> **PROBLEM**: Everything from the line with "Anchovy Salad Royalty" through the last line of the data below should be copied exactly, apart from the pictures.

> **AVAILABLE DATA**:
- - - -
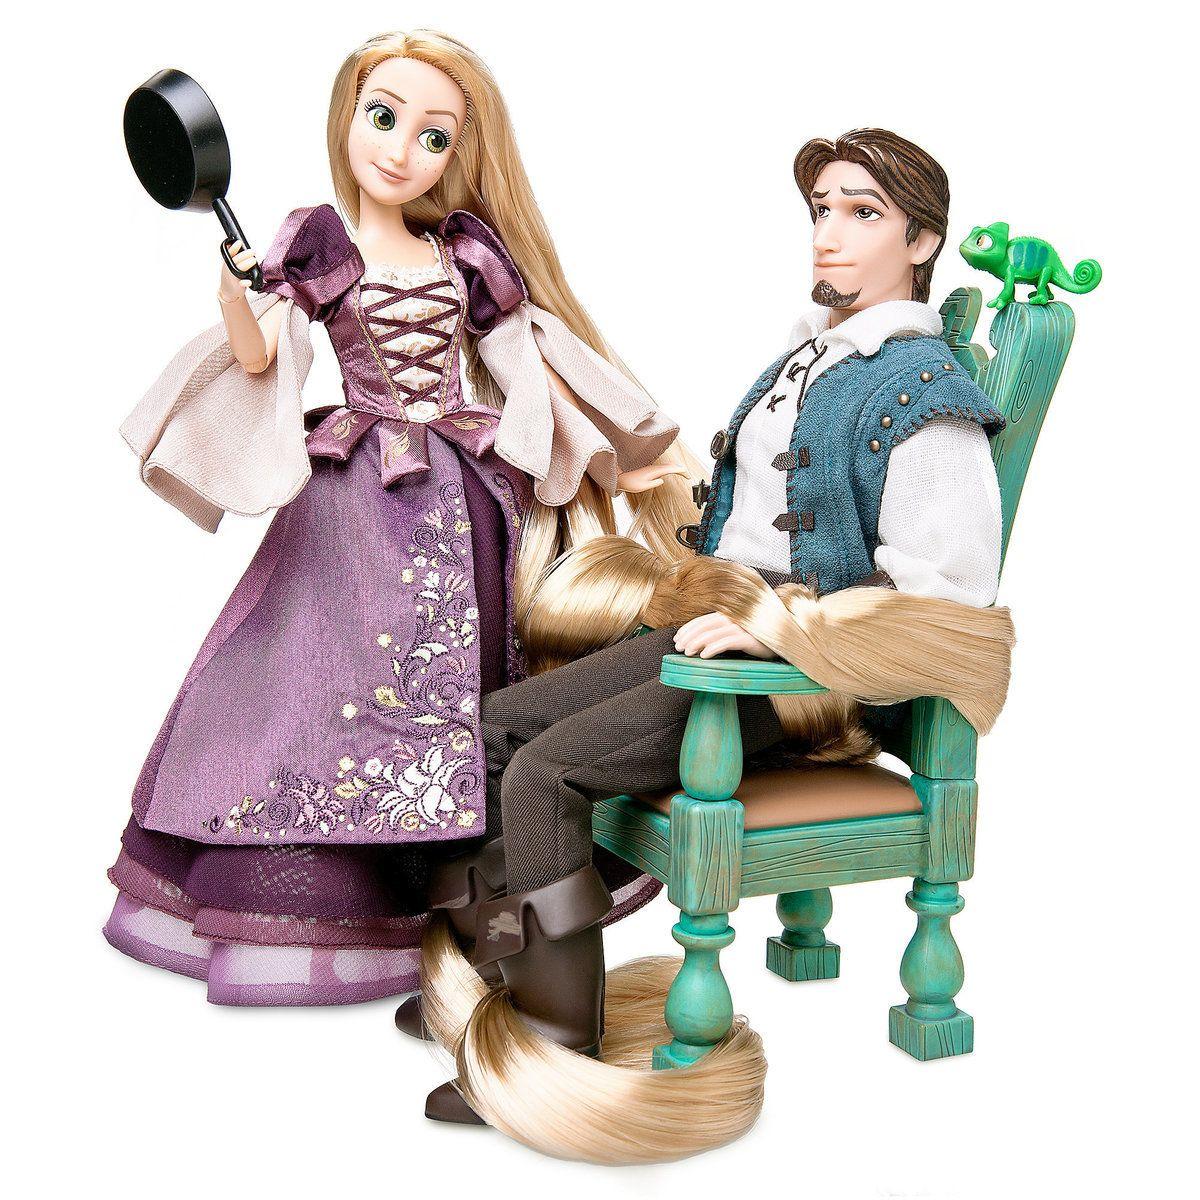 Disney Designer Doll Collection Rapunzel And Flynn Fairytale Series Rapunzel Features Signature Golden H Disney Rapunzel Disney Dolls Disney Princess Dolls
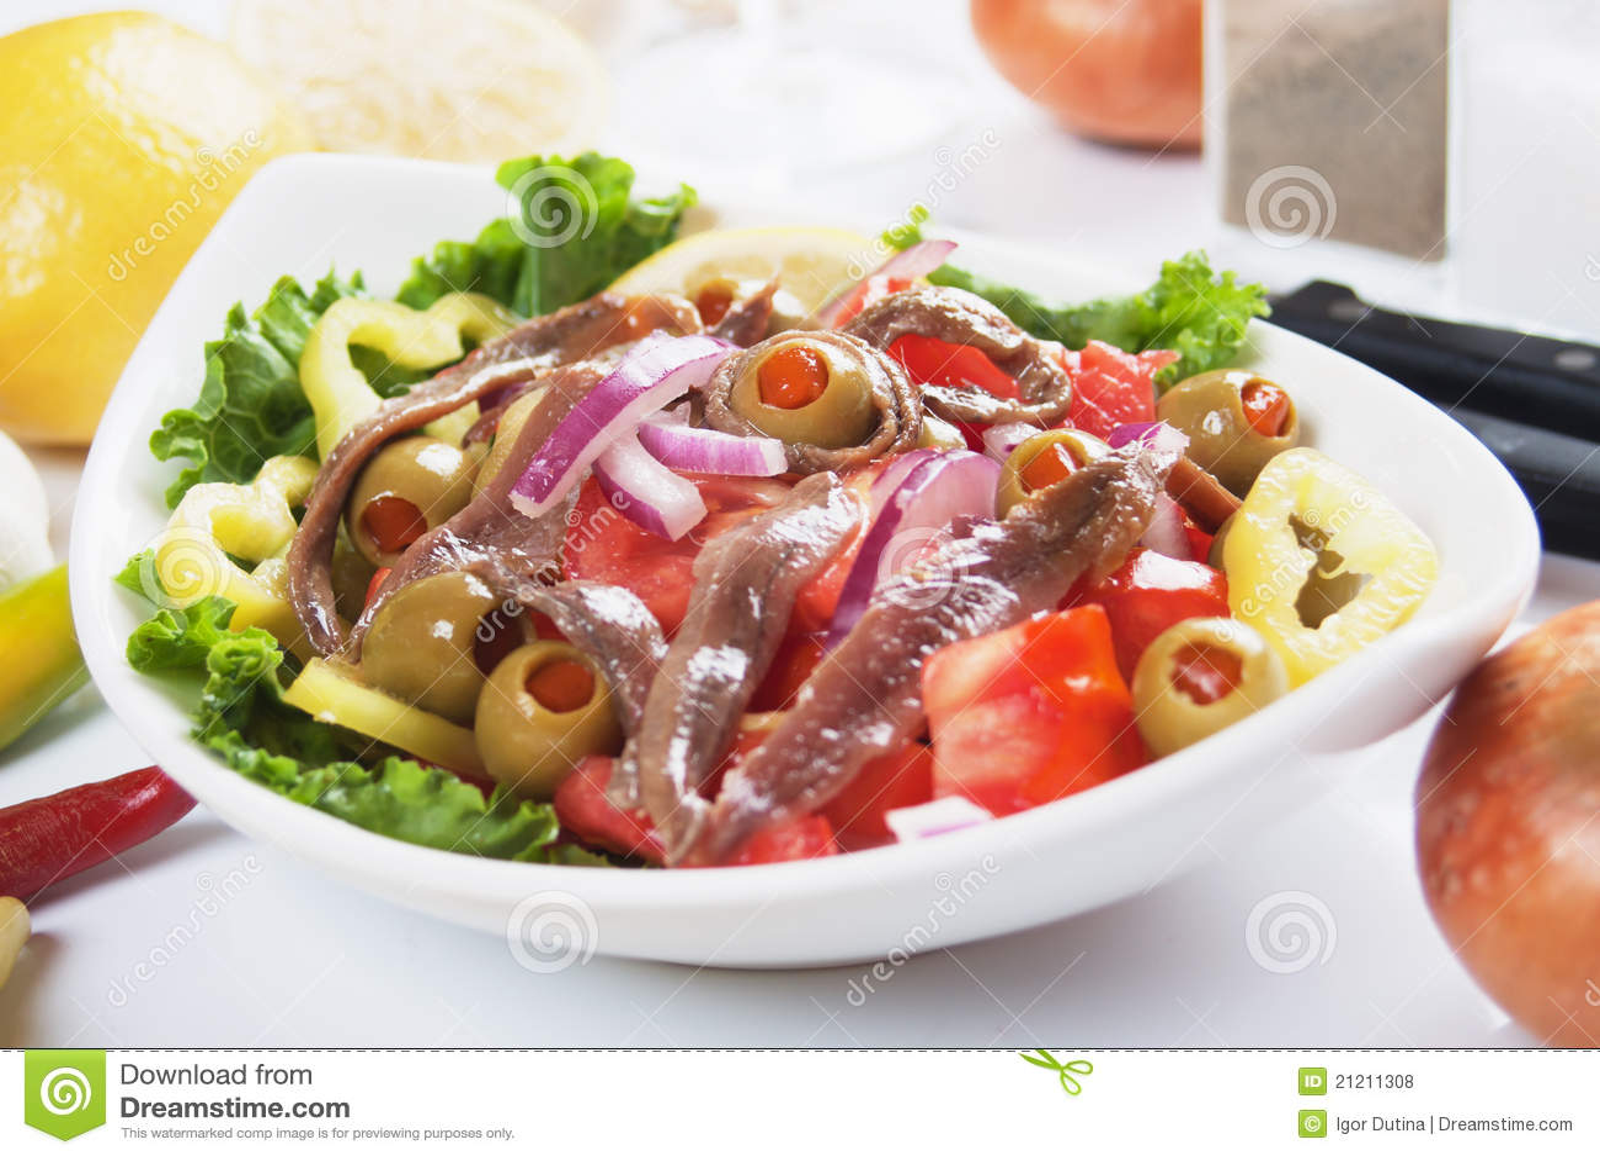 Anchovy Salad Royalty Free Stock Photos - Image: 21211308
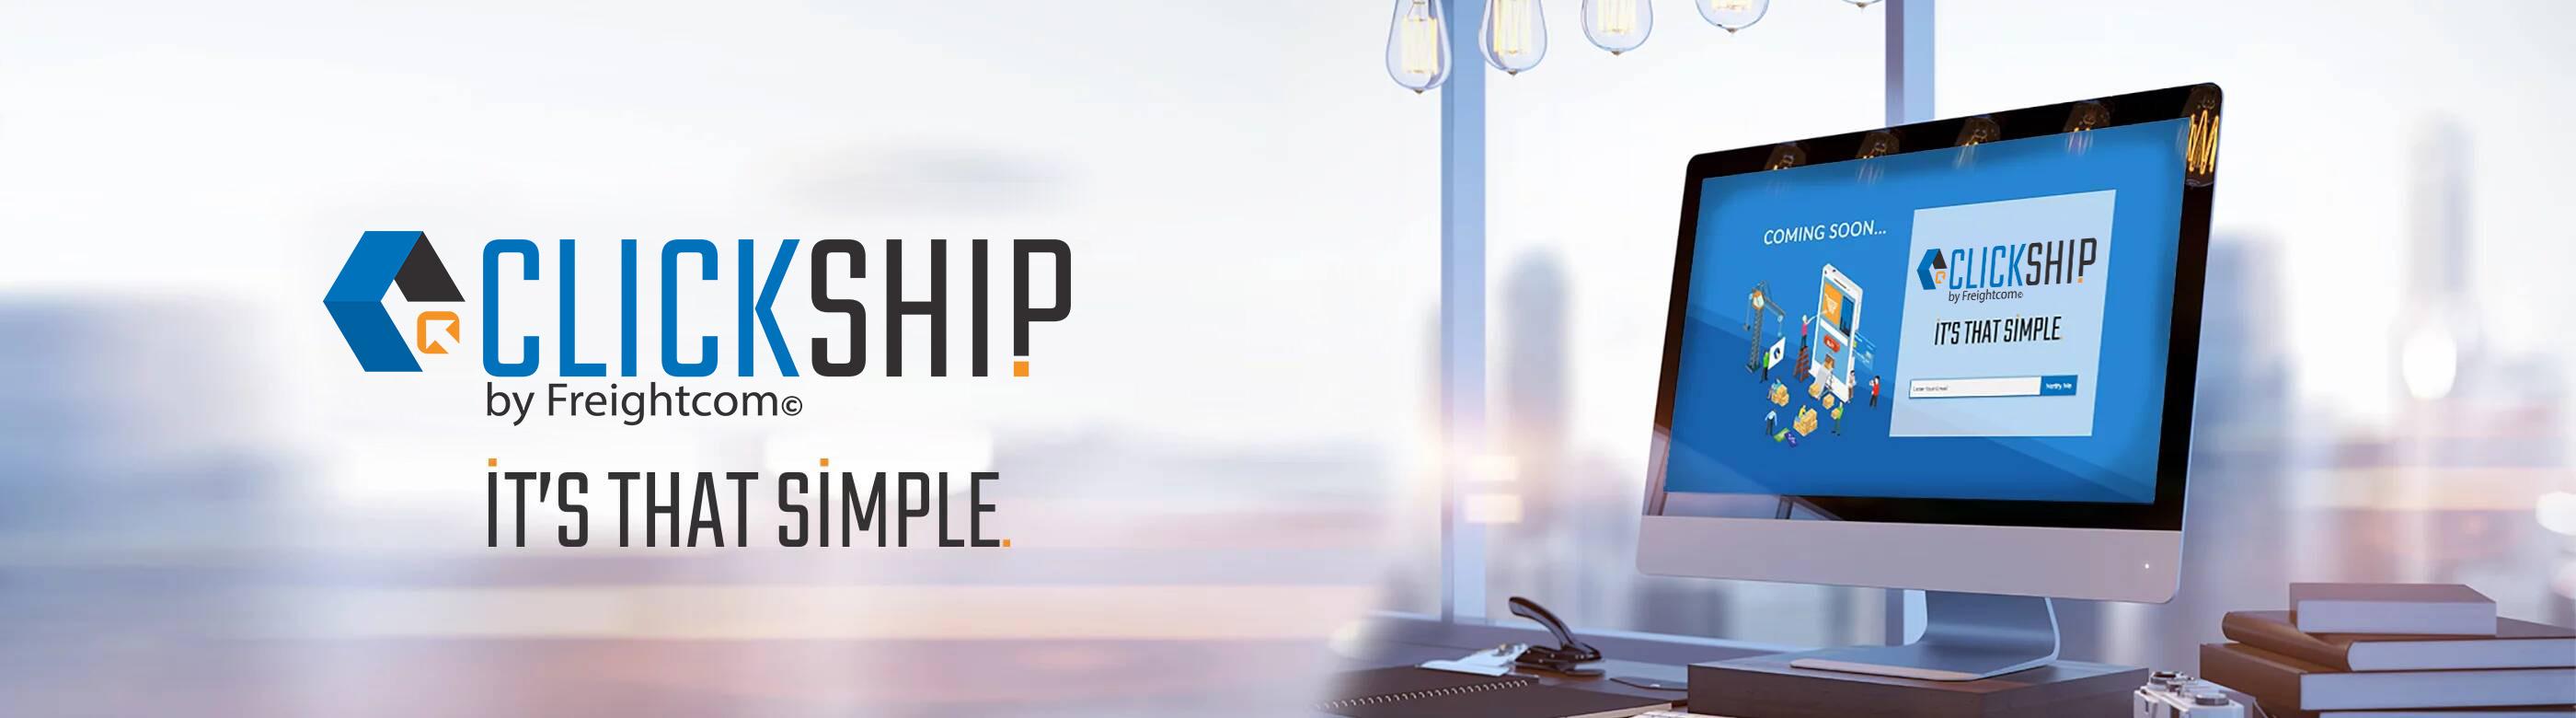 ClickShip By Freightcom
- - - -
> **FINISHED EXERCISE**:
 Anchovy Salad Royalty Free Stock Photos - Image: 21211308
 ClickShip By Freightcom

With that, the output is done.